Publié par Marie-Aude in : Habiba, Maroc , rétrolien

Cette année là, Aziz ne fit pas le sacrifice avec nous. Quand il m’annonça qu’il allait partir là-bas, pour tuer le mouton avec elle, je me sentis dépossédée de tout. S’il y a chez nous une fête de la famille, c’est bien celle là, où le père tue un mouton pour ses enfants, en souvenir du premier sacrifice d’Abraham. Un homme sans femme ne tue pas le mouton, un homme sans enfant non plus, il mange le mouton de son père. Et moi, qui allait tuer le mouton ? Qui allait égorger la bête en prononçant les paroles rituelles, apporter la chance sur nous pour l’année à venir ? Il avait quatre enfants ici, et il partait là-bas égorger une bête, pour une fille dont le ventre était toujours vide !

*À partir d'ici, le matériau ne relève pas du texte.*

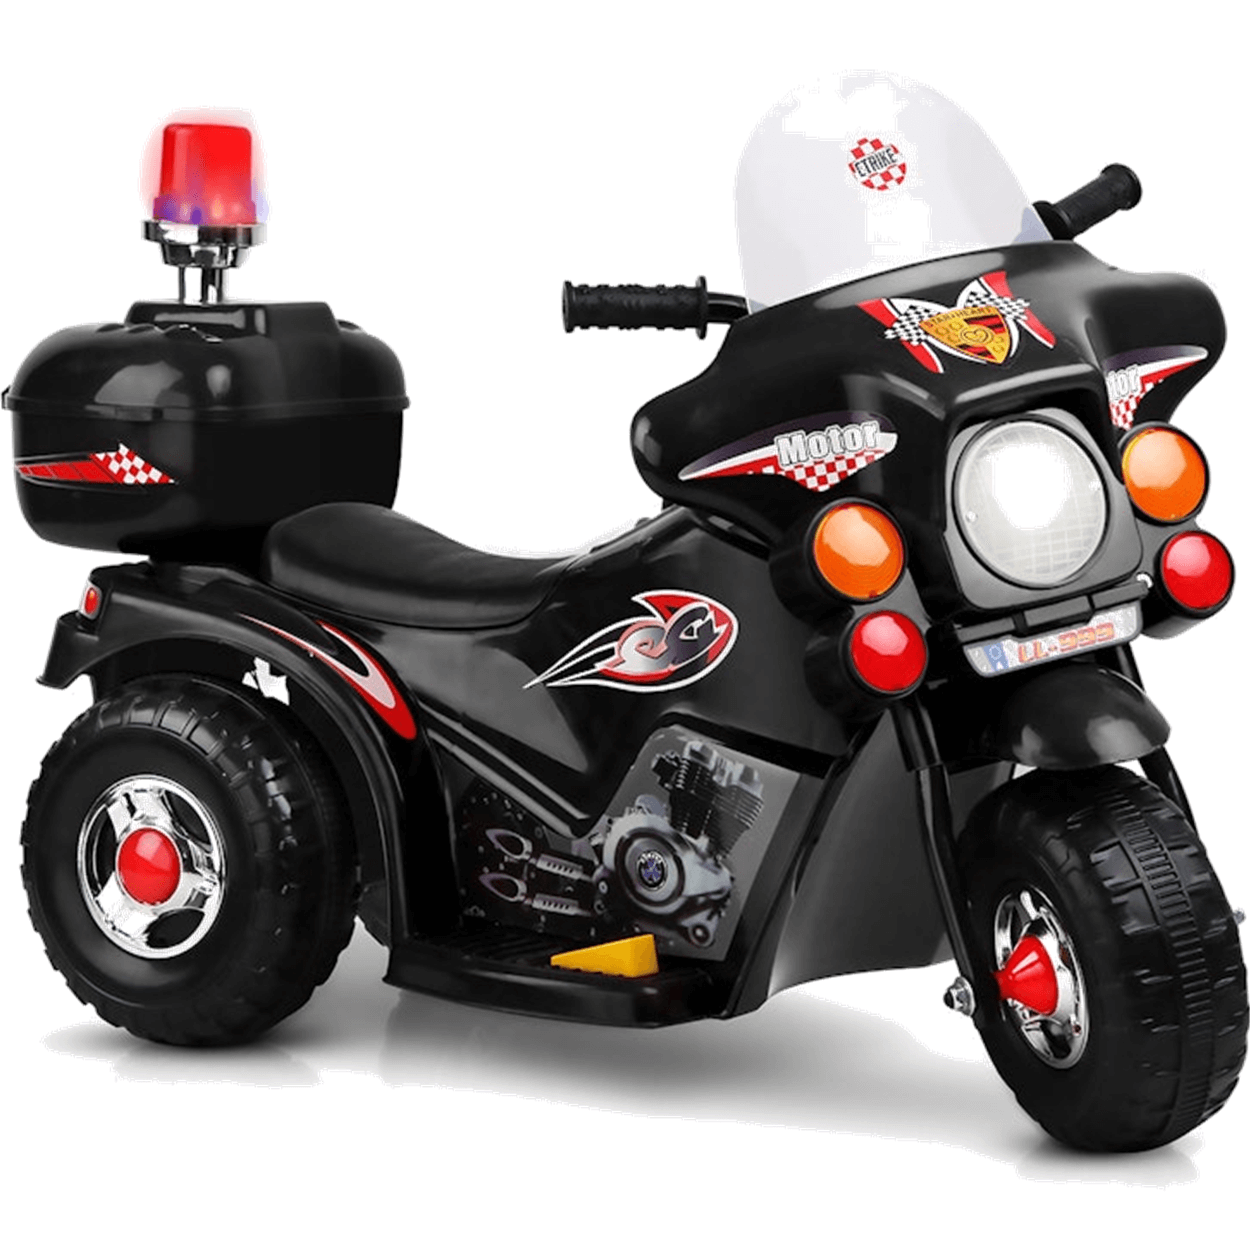 Moto Eletrica Infantil Policia Shiny Toys Motorcycle 6v Preta

Cette nuit là, les portes ont claqué dans notre petite maison. Youssef a crié, pour la première fois sans doute. Et au téléphone, Aziz s’est énervé avec son père, à qui il demandait de venir ici, tuer pour lui notre bête.
Mes filles se sont réveillées, elles sont venues dans mon lit, et je les ai bercées, heureuse pour une fois qu’elles ne comprennent pas assez le berbère pour comprendre ce qui se passait, et perdre leur respect pour leur père.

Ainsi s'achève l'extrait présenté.